Step 6: Facial Features
The most challenging part to this instructable is assembling the face. It has a lot of small pieces to cut out and glue together. Personally i was overwhelmed by the amount of detail in the eyes, lips and ears that I ended up improvising those areas without using the PDF guideline. Use of the McGill reverse tweezer is recommended here. the nose requires special attention so that is becomes finely drawn and good looking.

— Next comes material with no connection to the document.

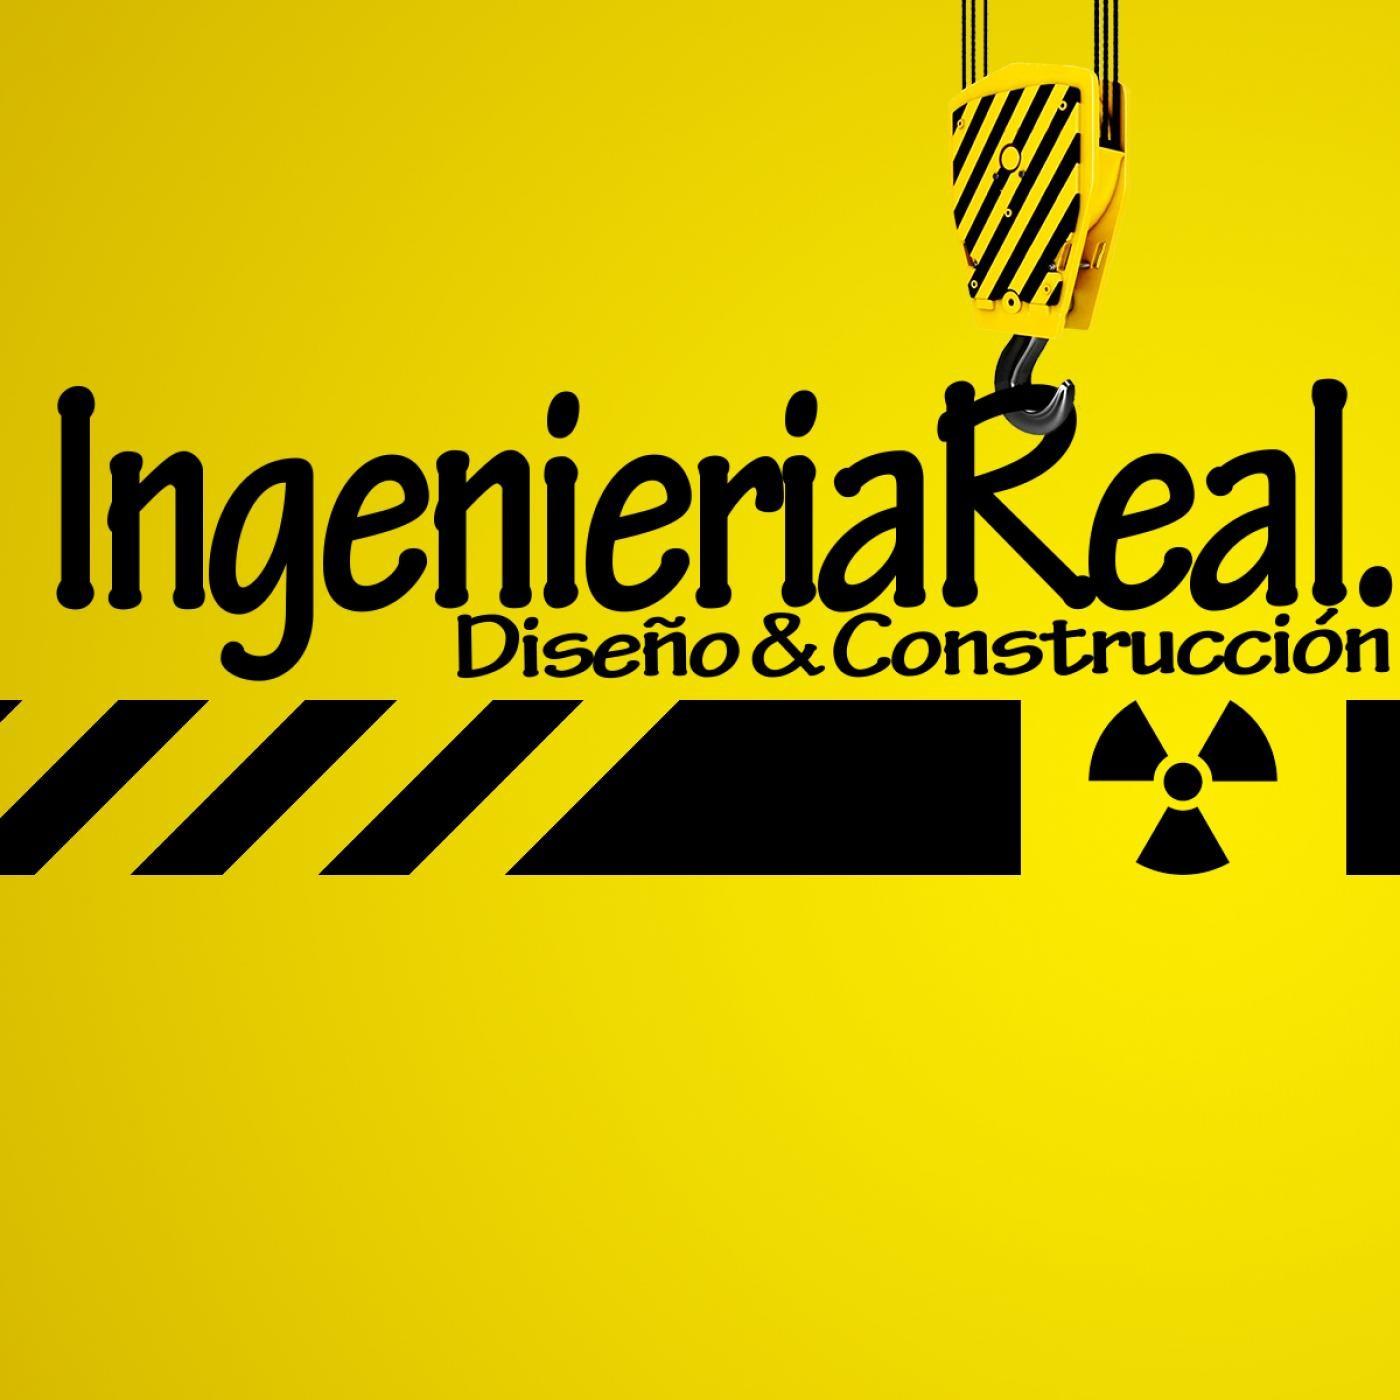 "Ingeniería Real <a href=""https://ingenieriareal.com/"" target=""_blank"" style=""overflow-wrap: break-word;"">www.ingenieriareal.com</a>"

Step 7: Hairstyle + 'Oiran' / 'Geisha' Decorations
The hair is fashioned after the hairstyles that "Oirans" or Japanese Courtesans used to wear. This is a seriously unique hairstyle and the hair bristles with slews of dangling ornaments, strings of beads, ribbons and cords tied into fancy knots.The hair is intricately done, with perfect straight cut style bangs and perfectly cut hime side locks. the rest of the side locks are left uncut and long, and tied to the sides with sophisticated topknot style bands on the tops. The rest of the hair is worn in perfectly straight cut pigtails and features geisha and oiran style hair decorations. For the circular hair ornaments, i used this guide
I had to put some little weights inside the ornaments to make they hang properly.
Step 8: Exeunt Omnes
By now its all a matter of building up and joining the pieces together and internally reiforcing some areas with tape where neccessary. As the model gets higher you will need to be fixing areas that need fixing and adjusting your supporting structures accordingly.Keep on going. Piece by piece. Edge by edge. Don't worry if you lose track of what youre doing - in the end it will magically fit together. This is where the PDF comes in handy, search for the edge number you require and your PDF reader will show you the page and the position of the edge you need in no time. After loads more cutting, gluing and improvising - all will be done. All thats left is to find a nice place to show off your model. congradulations - You've made it!
Step 9: RESEARCH & DEVELOPMENT AND THE FUTURE
1. In the interests of adding further to the project - painting in facial structures such as the eyes, eyelids,
eyebrows, lipstick and adding some mascara would be a good aesthetic advancement.
2. Adding non visible support structures for making the model stand upright.Looking into the possibility of adding a metal endoskeleton within the model also would be great and would also open up possibilities like having movable joints and being able to change the models pose.
3. Adding things like fibreglass resin, liquid glass or other similar chemical paraphenalia to strengthen the model. Adding a spray-on chemical like clear acrylic, laquer or a similar product to produce a glossy, highly polished, lustrous surface without yellowing the paper.
4. Researching on making "Photorealistic Models" or "sculpture-realistic models" rather - with high polygon counts. Whats the highest number of polygons/pieces (e.g. of a human face) that can be manipulated and built by hand using traditional pepakura methods? A hundred thousand? A million?